Chapter Text
The Cell Games, as well as the new global holiday now dubbed Victorious Satan Day, have come and gone, and it's now a month later, with the first signs of autumn starting to show in the forests of Mount Paozu.
The sun sets on the horizon, a chill breeze slips through the open window of the living room, and Gohan thinks that he can smell a rainstorm coming. Tomorrow morning, maybe, or during the night. It will be good for their latest crops, after the sweltering summer that’s just ended, and for the mountains themselves too.
Gohan smiles as he watches the sunset through the window of the kitchen.
Life… Life is good these days, here on Earth.
It was worth it.
His left arm twinges.
And there’s a low hum in his ear.
“Still set on ignoring me, are you, brat ?”
Gohan does not flinch - he just keeps on humming along the familiar notes of the lullaby he learned from his mother back when he was only about three years-old, one he’s taken to often murmur to himself while studying or training or cooking - and the only sign that he’s hearing the voice at all, much less acknowledging it, is the low simmer of aggravation that blankets his thoughts for a moment.
“You ought to stop with this denial, really. Don’t you know it’s not healthy to keep it all in ? Always better to let it go.”
And the simmer flits closer to a boil, for a fraction of a second, before Gohan forces it back down. Its target does not seem to perceive the shift. If he does, he does not comment on it, still more focused on the words leaving his mouth than anything that doesn't pertain to his own self. He's nothing if not consistent.
“You seem to be getting used to this too, for all your pretending, yes ? No more squeaks, or flinching, not even a little twitch anymore, ”, and he hums, as though contemplative, like this is just a normal everyday exchange. “ Am I losing my touch, do you think, Gohan ? ” and the question is barely one, and he keeps going without leaving any space for an answer, something they both know Gohan wouldn't have given him anyways. “ You used to be oh so scared of me. ”
He’s not wrong, Gohan supposes, though he does not let the thought form into solid enough of an image to be perceived by the other - in the way he’d learned to shield his thoughts from Piccolo and Dendé, the former through intensive training back when he was a toddler and the latter so that the new guardian wouldn’t be plagued by distractions every time Gohan began to think a little too loud.
He used to be scared.
He used to get angry too.
Nowadays, he finds he’s just tired.
The boy dries his hands, the dishes neatly stacked into the cupboard, and wipes down the little counter of their kitchen one last time before he nods to himself.
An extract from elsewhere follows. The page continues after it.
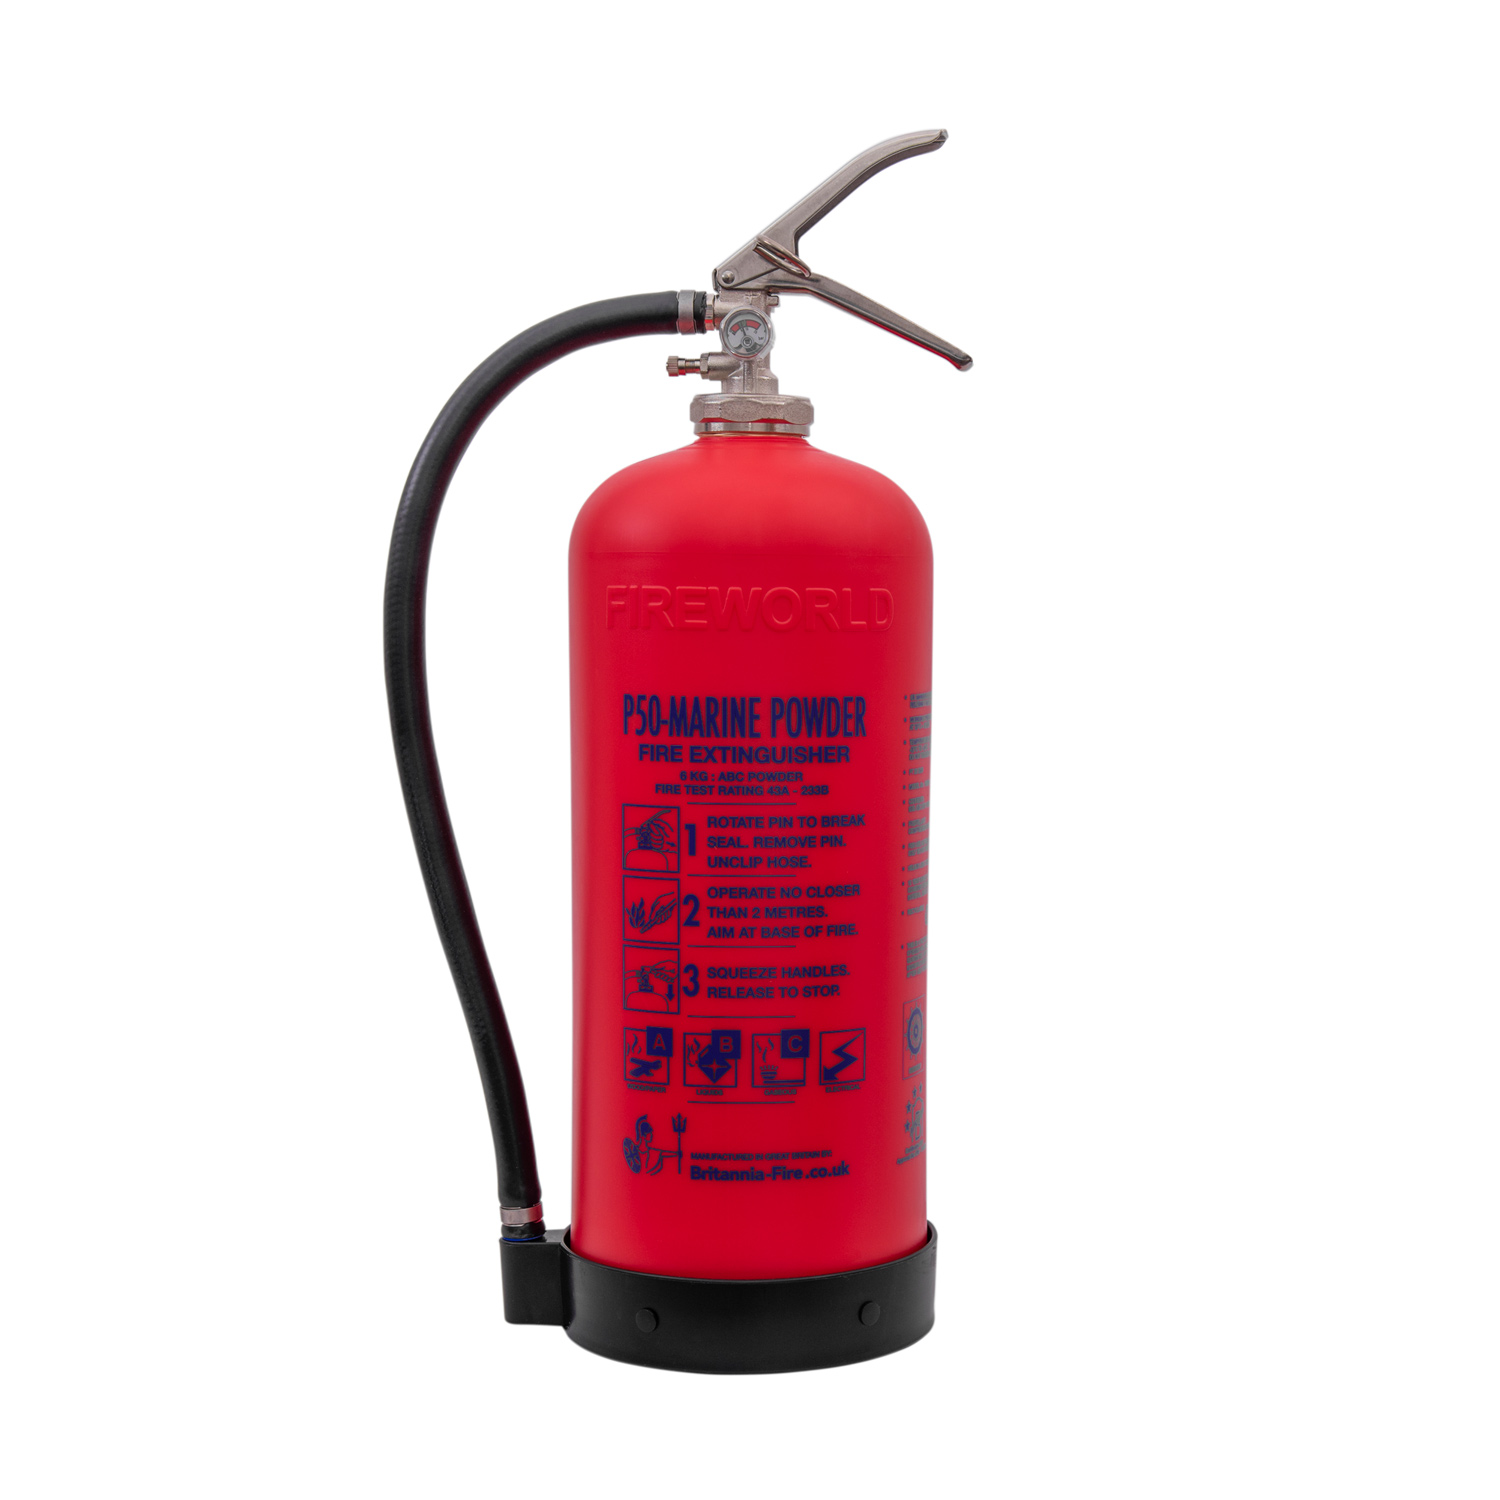 Image of the P50 MED 6kg Powder Fire Extinguisher

Everything is spotless, save for the pan with charred residue stuck to its bottom, and he’ll tackle it in the morning. He shuts off the light and slips back into the living room to join his mother instead.
For the next few minutes, as he leans over the back of the couch and kisses his mother’s cheek, and then fondly endures her own cheek pinching in return, there is blessed quiet - both in and out of his head.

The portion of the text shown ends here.